L’affaire de cyberespionnage qui agite le monde politique en Espagne depuis le mois dernier a pris une nouvelle tournure lundi, avec l’annonce par le gouvernement que le Premier ministre Pedro Sanchez et la ministre de la Défense avaient été espionnés par le logiciel israélien Pegasus.
Lors d’une conférence de presse convoquée en urgence à Madrid, le ministre de la Présidence, Félix Bolaños, a affirmé que les téléphones portables de M. Sanchez et de Margarita Robles avaient été infectés en mai et juin 2021 par ce logiciel conçu par la société israélienne NSO, qui fait déjà l’objet de multiples enquêtes dans le monde depuis l’été dernier.
Dénonçant «des faits d’une énorme gravité», il a assuré qu’il s’agissait d’attaques «externes», sans toutefois dire qu’elles émanaient d’un pays étranger. «Nous avons la certitude absolue qu’il s’agit d’une attaque externe (...) parce qu’en Espagne, dans une démocratie comme la nôtre, toutes les interventions sont effectuées par des organismes officiels et avec une autorisation judiciaire», a-t-il expliqué. «Dans le cas présent, aucune de ces deux circonstances ne s’est produite», a poursuivi M. Bolaños.
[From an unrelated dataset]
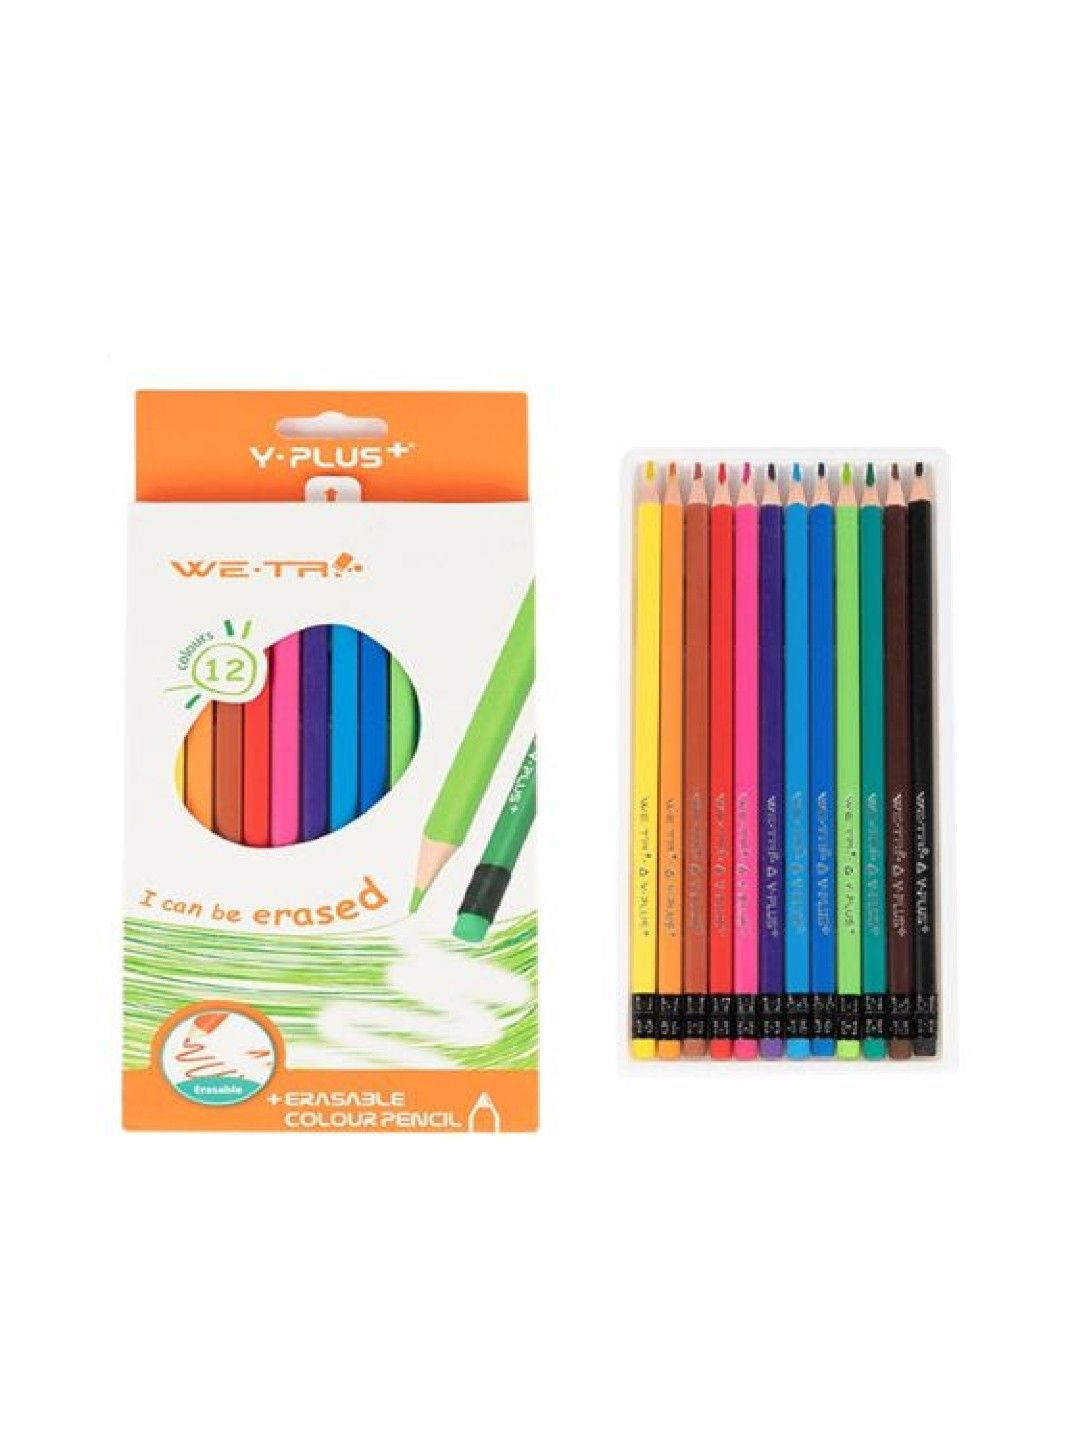 Y-PLUS+ WE-TRI Erasable Color Pencils (12 Colors)

Le gouvernement a déposé plainte pour ces faits auprès de l’Audience nationale, haute juridiction chargée des dossiers d’importance nationale ou internationale, comme les affaires de terrorisme, afin que toute la lumière soit faite, a-t-il précisé.
Une fois installé, Pegasus permet d’accéder aux messageries, aux données ou d’activer à distance les caméras et les micros d’un smartphone.
NSO a toujours affirmé que ce logiciel, dont l’exportation requiert le feu vert des autorités israéliennes, ne pouvait être vendu qu’à des États et uniquement pour les aider à lutter contre le terrorisme ou la criminalité. Pegasus et NSO font toutefois l’objet de graves accusations depuis qu’un consortium de médias a révélé l’été dernier que ce logiciel avait été utilisé pour espionner les téléphones de centaines de femmes et d’hommes politiques, de journalistes, de militants des droits humains ou de chefs d’entreprise.
Vol de données
«Deux intrusions» ont eu lieu dans le portable de M. Sanchez en mai 2021 et une dans celui de Mme Robles en juin 2021, selon M. Bolaños.
Elles ont, dans les deux cas, permis d’extraire «un volume déterminé de données», a-t-il ajouté, sans plus de détails. Selon le quotidien El País, les pirates informatiques ont extrait plus de 2,6 gigabytes de données du téléphone de M. Sanchez, soit «une énorme quantité d’informations», et seulement neuf mégabytes de celui de Mme Robles, mais le gouvernement ignore encore «la nature de l’information volée et son degré de sensibilité». Il s’agit de leurs téléphones officiels, mis à leur disposition par l’État, et non privés.
Ces révélations surviennent en pleine crise entre le gouvernement de gauche de M. Sanchez, un socialiste, et les milieux indépendantistes de Catalogne (Nord-Est), qui accusent le Centre national du Renseignement (CNI, services secrets) de les avoir espionnés avec Pegasus.
L’affaire a éclaté le 18 avril, lorsque Citizen Lab, un projet sur la cybersécurité de l’Université canadienne de Toronto, a publié un rapport identifiant 65 personnes de la mouvance indépendantiste — pour la plupart des Catalans — dont les portables auraient été piratés entre 2017 et 2020 par le logiciel.